Monday, December 22, 2014

To Be Noticed Immediately and Judged Subconsciously

I think I will carry two things with me from this experience.

My body dropped.  Almost instantaneously.  One minute I was jogging next to my wife, the next my mouth and nose were hitting the pavement.  I must have slipped, my foot must have caught.
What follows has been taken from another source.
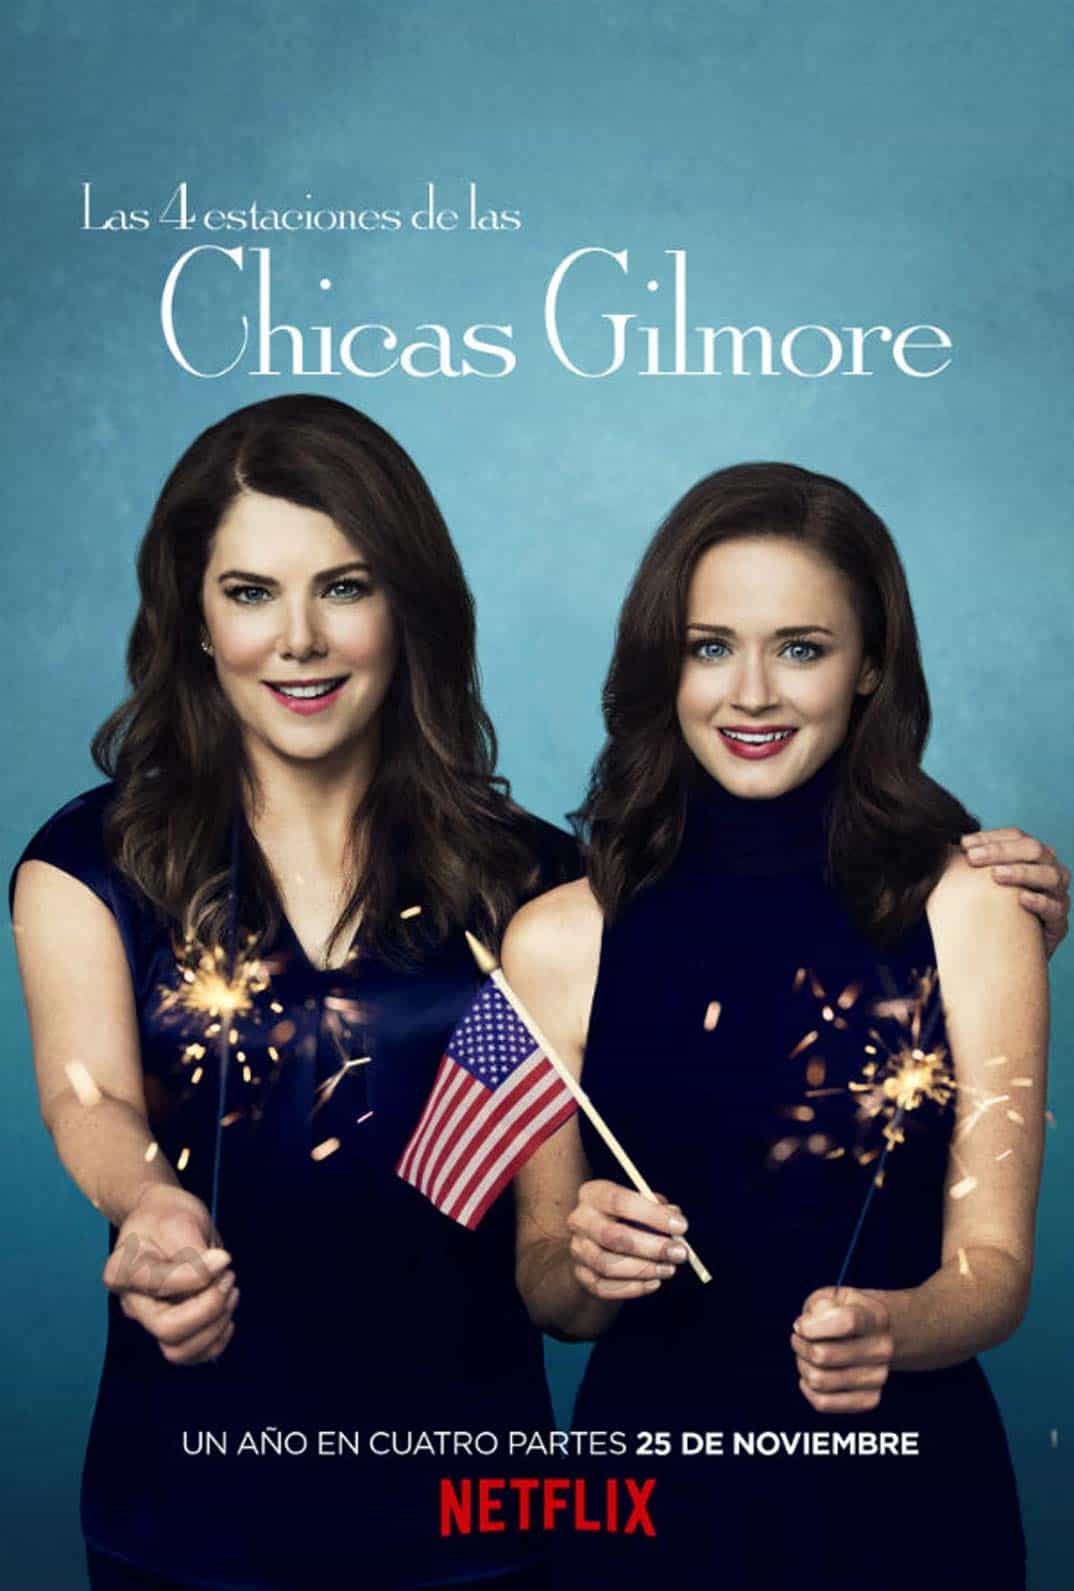 Las chicas Gilmore © Netflix

There was no time to anticipate the pain, not even a millisecond to reach out my arms to cushion the blow.  Moments later, I felt the sting upon my upper lip and the taste of blood.  I rolled back and forth on the ground trying to shake off the searing heat arising from my face.
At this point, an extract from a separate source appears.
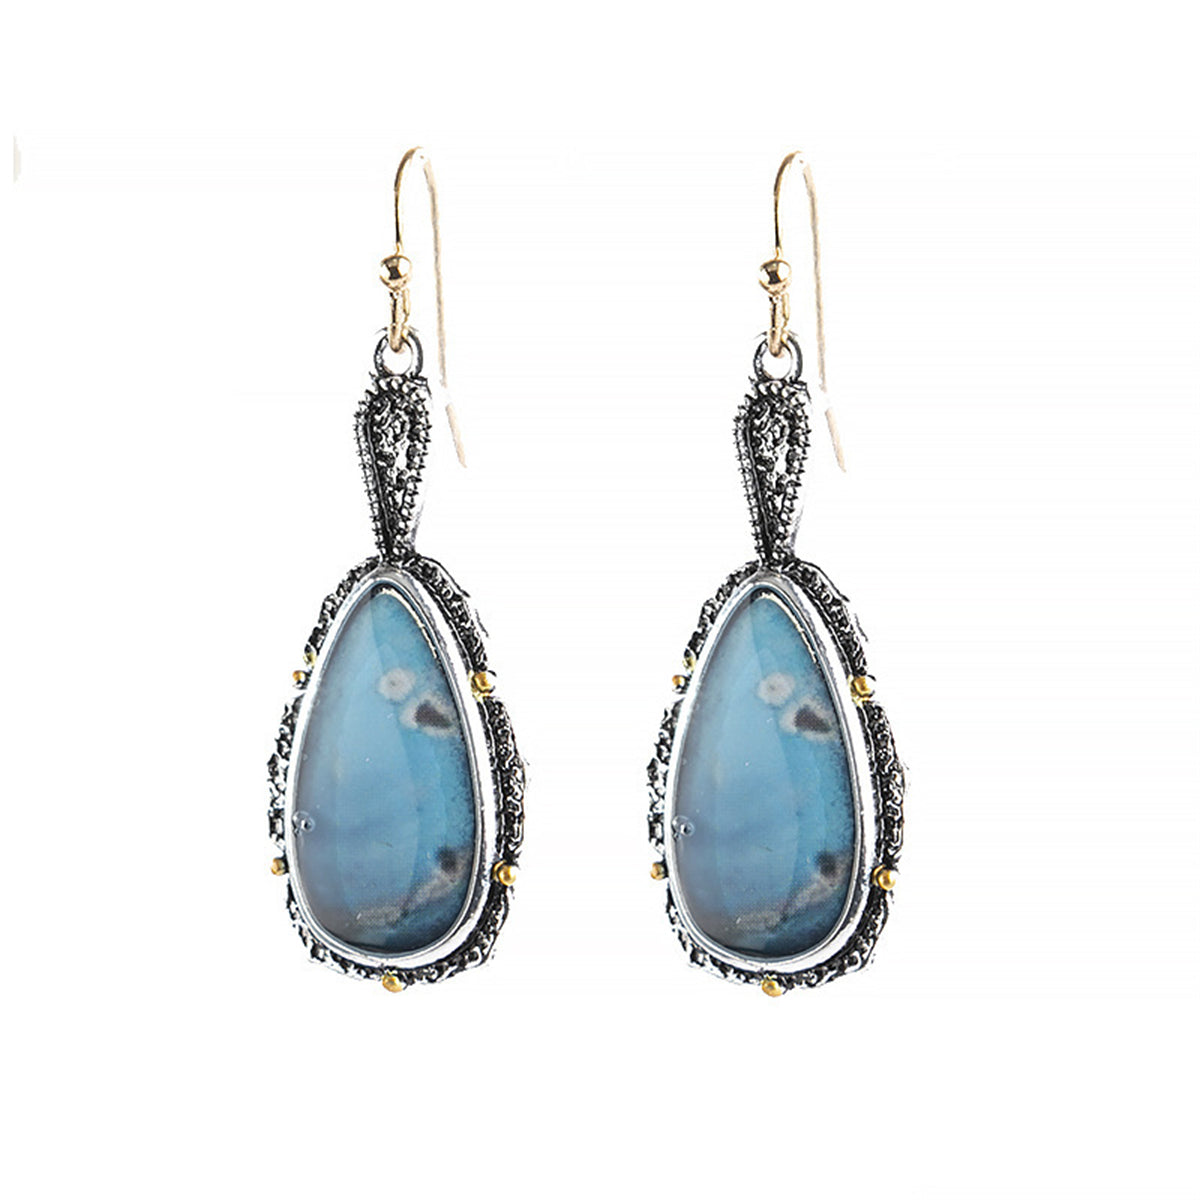 Blue Turquoise & Two-Tone Teardrop Earrings

My wife dropped to the ground to comfort me.  Pedestrians stopped inquisitively and pulled out their mobile phones ready to call an ambulance.  I stood up shakily and composed myself enough to ward off the attention.  And we hobbled home, my wife and I.  The blustery wind permeating my light jacket and sending a chill through my aching bones.

At home, I surveyed the damage as my children peered around the bathroom door cautiously.  My front tooth was chipped.  My face was bruised, and the skin beneath my nostril was irritated and angry.  Looking in the mirror, it appeared as if my nose was bleeding, although when I wiped the area there was scant debris on the tissues.  My hands were swollen and sore.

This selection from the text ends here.